Ordonnance de la vice-présidente de la Cour dans l’affaire C-204/21 R

Commission/Pologne

Luxembourg, le 14 juillet 2021

La Pologne doit suspendre immédiatement l’application des dispositions nationales relatives notamment aux compétences de la chambre disciplinaire de la Cour suprême


Les moyens de fait et de droit avancés par la Commission justifient l’octroi des mesures provisoires sollicitées

Par son arrêt du 19 novembre 2019 1, la Cour, interrogée par le Sąd Najwyższy – Izba Pracy i Ubezpieczeń Społecznych (Cour suprême, chambre du travail et de la sécurité sociale, Pologne) a constaté notamment que le droit de l’Union s’oppose à ce que des litiges concernant l’application de ce droit puissent relever de la compétence exclusive d’une instance ne constituant pas un tribunal indépendant ni impartial 2. Par la suite, statuant dans les litiges ayant donné lieu à sa demande de décision préjudicielle, le Sąd Najwyższy – Izba Pracy i Ubezpieczeń Społecznych, dans ses arrêts du 5 décembre 2019 et du 15 janvier 2020, a jugé en particulier que l’Izba Dyscyplinarna (chambre disciplinaire, Pologne) du Sąd Najwyższy (Cour suprême, Pologne) ne peut pas être, compte tenu des conditions de sa création, de l’étendue de ses pouvoirs, de sa composition ainsi que de l’implication de la Krajowa Rada Sądownictwa (Conseil national de la magistrature, Pologne) dans sa constitution, regardée comme étant un tribunal au sens tant du droit de l’Union que du droit polonais.

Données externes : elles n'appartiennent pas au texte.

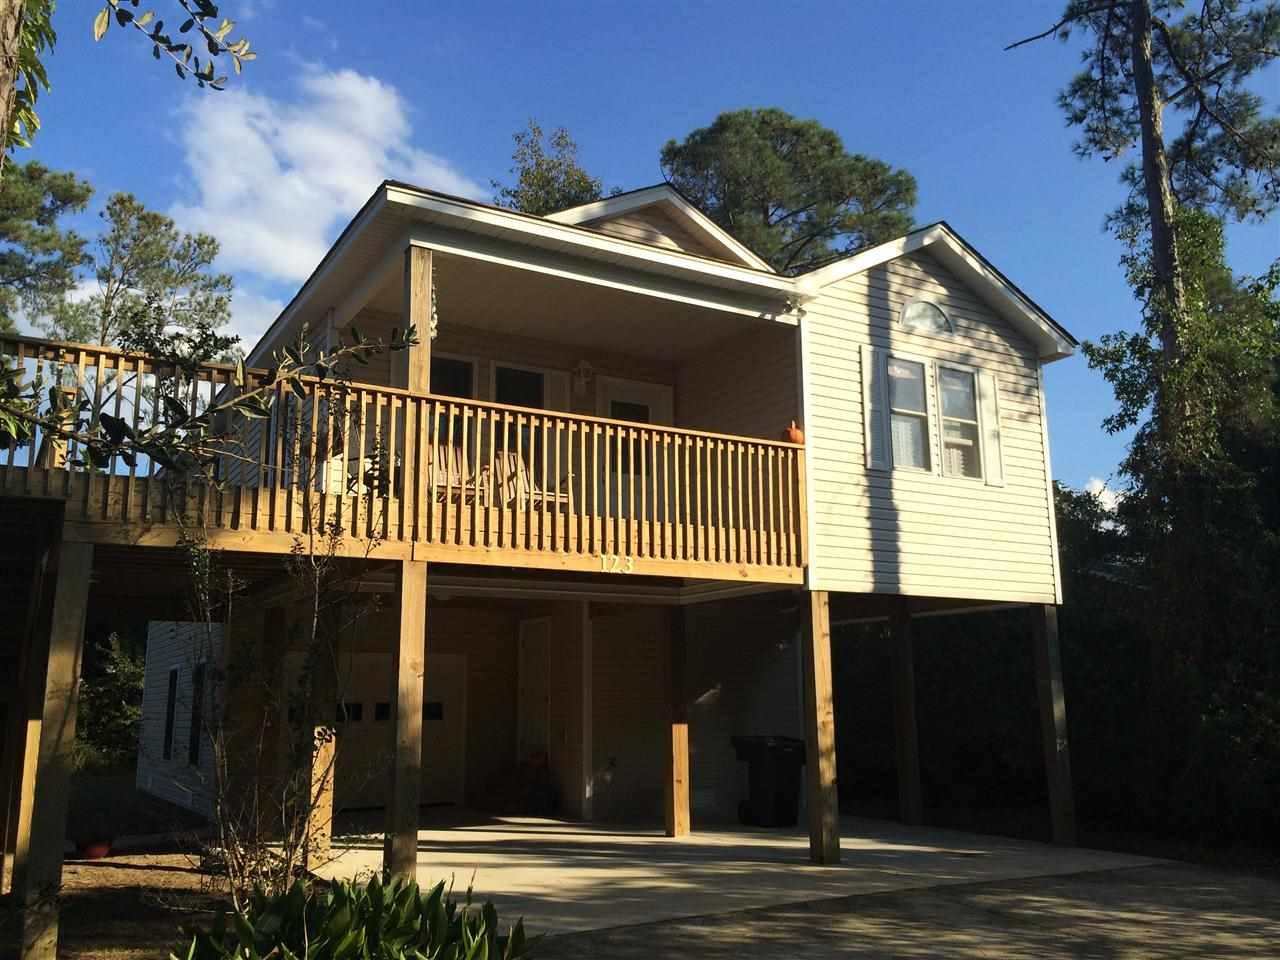 123 Baum Bay Drive,Kill Devil Hills,NC 27948,3 Bedrooms Bedrooms,2 BathroomsBathrooms,Residential,Baum Bay Drive,85581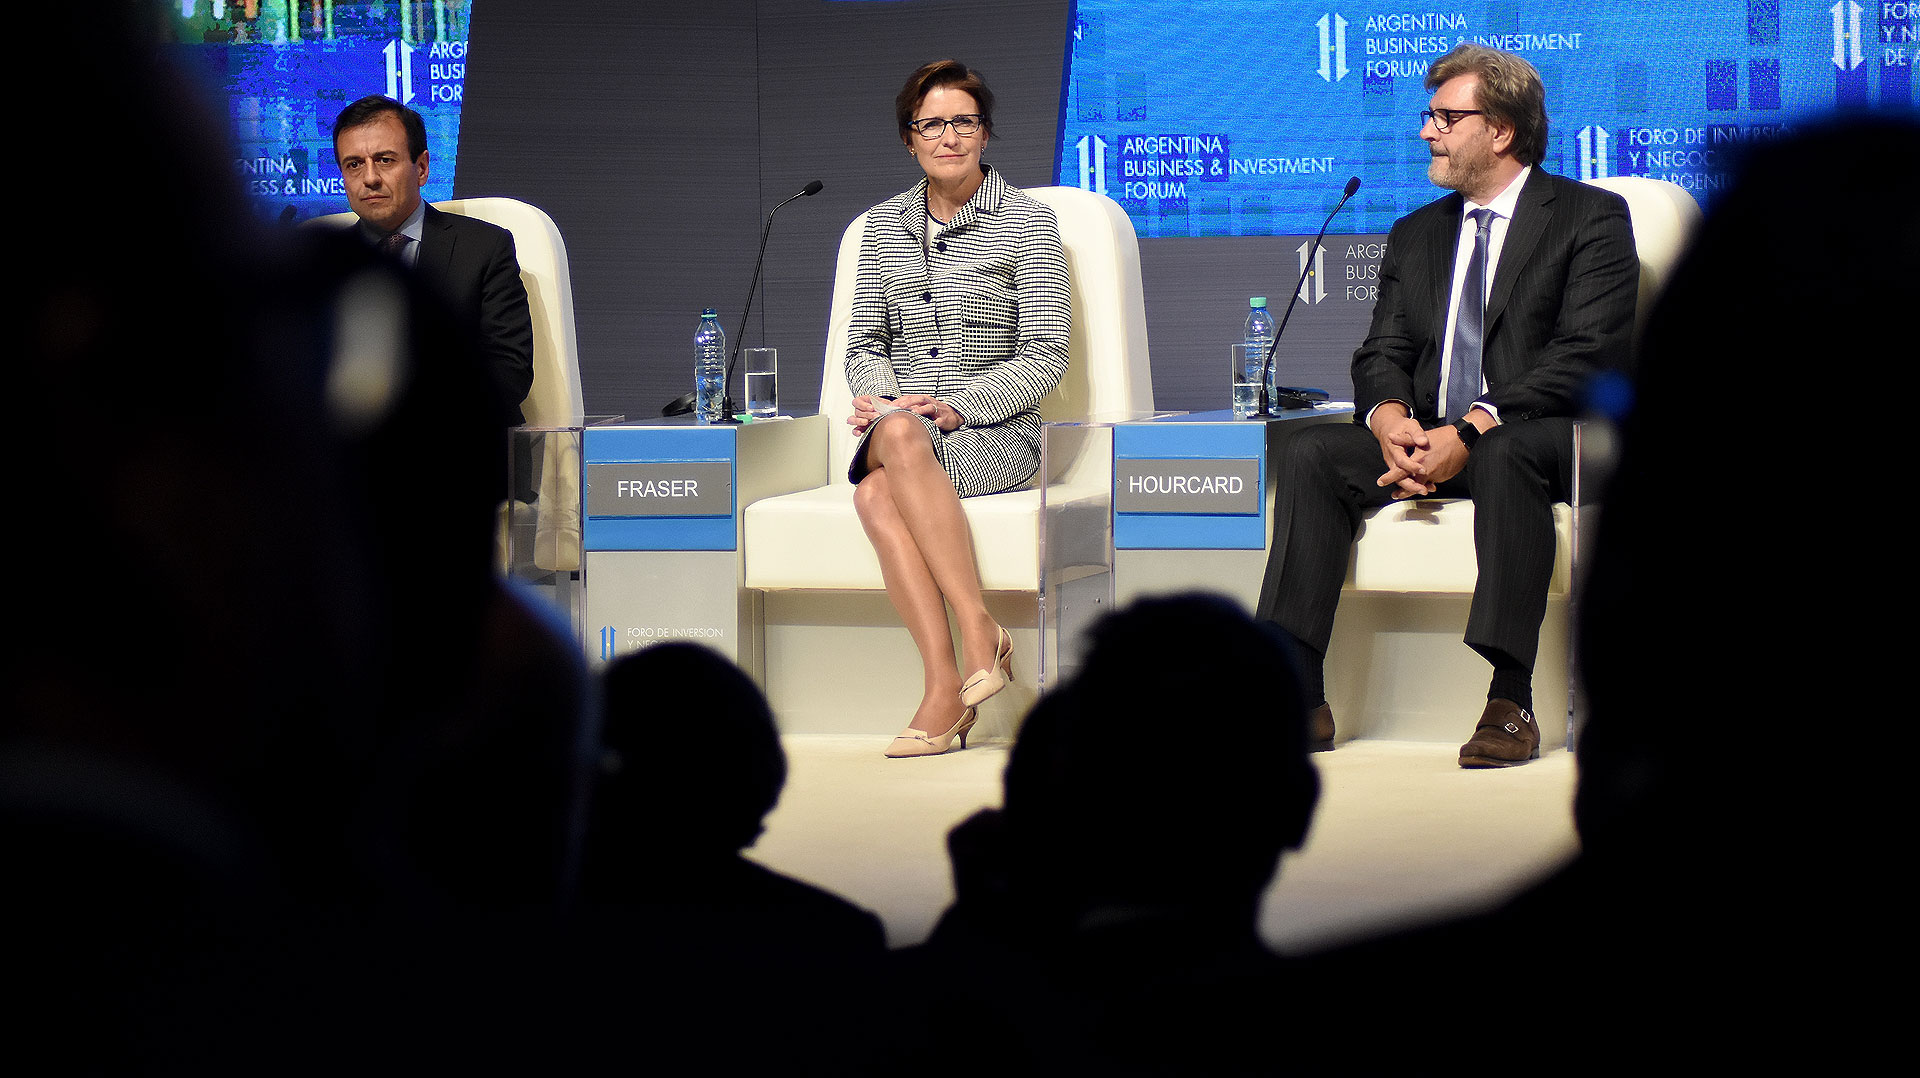 Mario Quintana junto a los empresarios Jane Fraser y Michel Hourcard

Le 14 février 2020 la loi modifiant la loi relative à l’organisation des juridictions de droit commun, la loi sur la Cour suprême et certaines autres lois (ci-après la « loi modificative ») est entrée en vigueur.

Estimant que les dispositions nationales en vigueur violent le droit de l’Union, la Commission a introduit, le 1er avril 2021, un recours en manquement devant la Cour de justice 3. En particulier, selon la Commission, la loi modificative interdit à toute juridiction nationale de vérifier le respect des exigences de l’Union relatives à un tribunal indépendant et impartial établi préalablement par la loi. Par ailleurs, seraient contraires au droit de l’Union tant les dispositions établissant la compétence exclusive de l’Izba Kontroli Nadzwyczajnej i Spraw Publicznych (chambre de contrôle extraordinaire et des affaires publiques, Pologne) du Sąd Najwyższy pour examiner les griefs et les questions de droit concernant l’absence d’indépendance d’une juridiction ou d’un juge que celles permettant de qualifier d’infraction disciplinaire l’examen du respect des exigences de l’Union relatives à un tribunal indépendant et impartial établi préalablement par la loi. Enfin, en habilitant la chambre disciplinaire, dont l’indépendance et l’impartialité ne seraient pas garanties, à statuer sur des affaires ayant une incidence directe sur le statut et l’exercice des fonctions de juge et de juge auxiliaire, telles que, d’une part, les demandes d’autorisation d’ouvrir une procédure pénale contre les juges et les juges auxiliaires ou de les arrêter, ainsi que, d’autre part, les affaires en matière de droit du travail et des assurances sociales concernant les juges du Sąd Najwyższy et les affaires relatives à la mise à la retraite de ces juges, la Pologne aurait enfreint le droit de l’Union. En outre, les dispositions nationales contestées enfreigneraient le droit au respect de la vie privée et le droit à la protection des données à caractère personnel.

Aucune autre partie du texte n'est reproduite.